I'm trying to do a rather niche thing which is essentially breaking the CFI
(Call Frame Information in DWARF EH info) and rbp
& rsp
links between frames. Main reason for that is that is that past a certain point in thread control flow I want to do a call continuation which is basically a one-way tailcall combined with a yield which should clean up the stack and then return to the top of the stack ready to be executed again at the continuation point.
Here is the idea in principle, which works as long as I keep the lines that mess with the stack commented out:
/*
* x86_64 SysV:
* rdi, rsi, rds, rcx, r8, r9, xmm0-xmm7
*/
__asm {
mov rax, TCB
mov rax, qword ptr [rax] OSThreadControlBlock.StartFn;
call rax;
mov rax, 0;
// end of stack
//push rax;
//push rax;
//push rbx;
// last "real" frame
//push rbp;
//mov rbp, rsp;
//push rbx;
// make the call
mov rdi, RL;
lea rax, qword ptr __OS_RUNLOOP_START__;
call rax;
// trap if it returns
//int 3;
}
I'm aware of the general principles behind SP/BP registers, I'm specifically using -fno-omit-frame-pointer
. My question is, after having spent hours trying to get it to work, what am I missing? It seems that any alteration to the stack layout, even as simple as a push before a call while keeping it aligned will cause a snowball crash starting with something like this (custom signal handler):
Received fatal signal: Segmentation fault (11) [thread: 10298 ctl-thrd]
* Unknown error at address 0x0 Regs:
%rip=0x00000000003E2D91 %rbp=0x00007F820A547EA8 %rsp=0x00007F820A547DE8 %rax=0x00007F820A547DE8 %rbx=0x00007F820A547F38
%rdi=0x00000000002121E1 %rsi=0x000000000000007B %rcx=0x000000000000000A %r8=0x0000000000000900 %r9=0x00007F820A5490C0
The ABI in question is libc++
/libc++abi
on x86_64
Linux, with a LLVM/Clang 6.0.X based toolchain. I tried practically everything, I know the above looks weird but it's an MS extension for inline assembly, I checked multiple times in disassemblies that it generates perfectly sane code. As far as I understand this is some weird conflict between CFI and frame pointer based stuff but I'm not that amazingly good at x86_64
so I'm not really sure what I'm missing. I know the unwinding process is meant to be terminated by a sentinel (null SP/FP on the last frame) but at this point I'm honestly lost because even the debugger gets completely thrown off by this.
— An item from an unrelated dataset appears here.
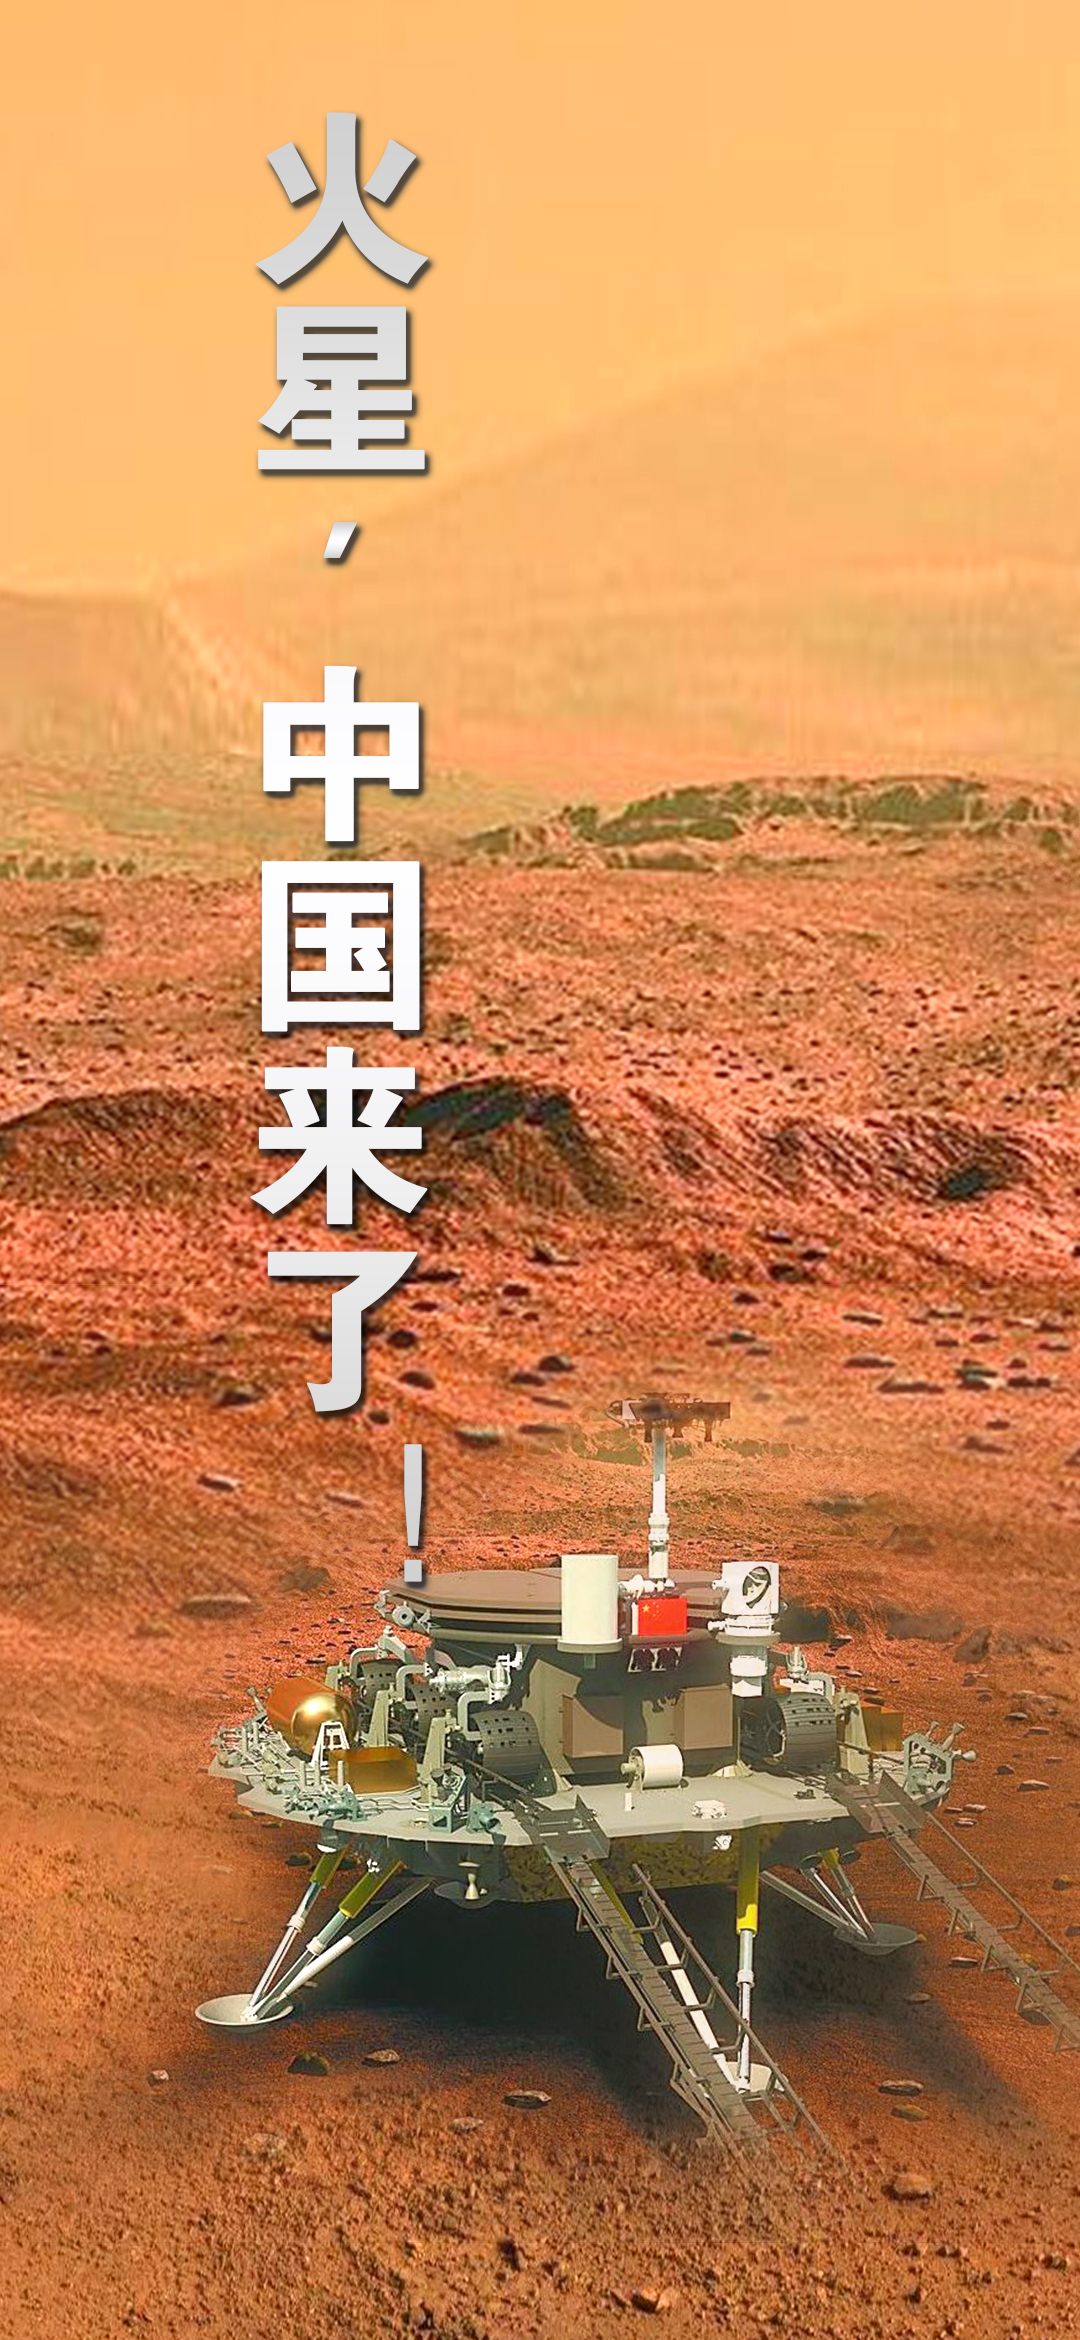 中国首次火星探测任务取得圆满成功

If anyone has any suggestions that would be really appreciated, I tried various things but the core problem is the same, as soon as I touch the stack, even if I return it to normal, everything goes haywire. Clobber beyond the asm block doesn't matter since the last call is not meant to conventionally return. One thing I did notice is that it seems this is somehow related to TLVs but I'm not sure how since NPTL is meant to configure that.
Any help or suggestions would me immensely appreciated.
Edit:
Looks like this comment from Valgrind may explain what is happening:
/* NB 9 Sept 07. There is a nasty kludge here in all these CALL_FN_
macros. In order not to trash the stack redzone, we need to drop
%rsp by 128 before the hidden call, and restore afterwards. The
nastyness is that it is only by luck that the stack still appears
to be unwindable during the hidden call - since then the behaviour
of any routine using this macro does not match what the CFI data
says. Sigh.
Why is this important? Imagine that a wrapper has a stack
allocated local, and passes to the hidden call, a pointer to it.
Because gcc does not know about the hidden call, it may allocate
that local in the redzone. Unfortunately the hidden call may then
trash it before it comes to use it. So we must step clear of the
redzone, for the duration of the hidden call, to make it safe.
Probably the same problem afflicts the other redzone-style ABIs too
(ppc64-linux, ppc32-aix5, ppc64-aix5); but for those, the stack is
self describing (none of this CFI nonsense) so at least messing
with the stack pointer doesn't give a danger of non-unwindable
stack. */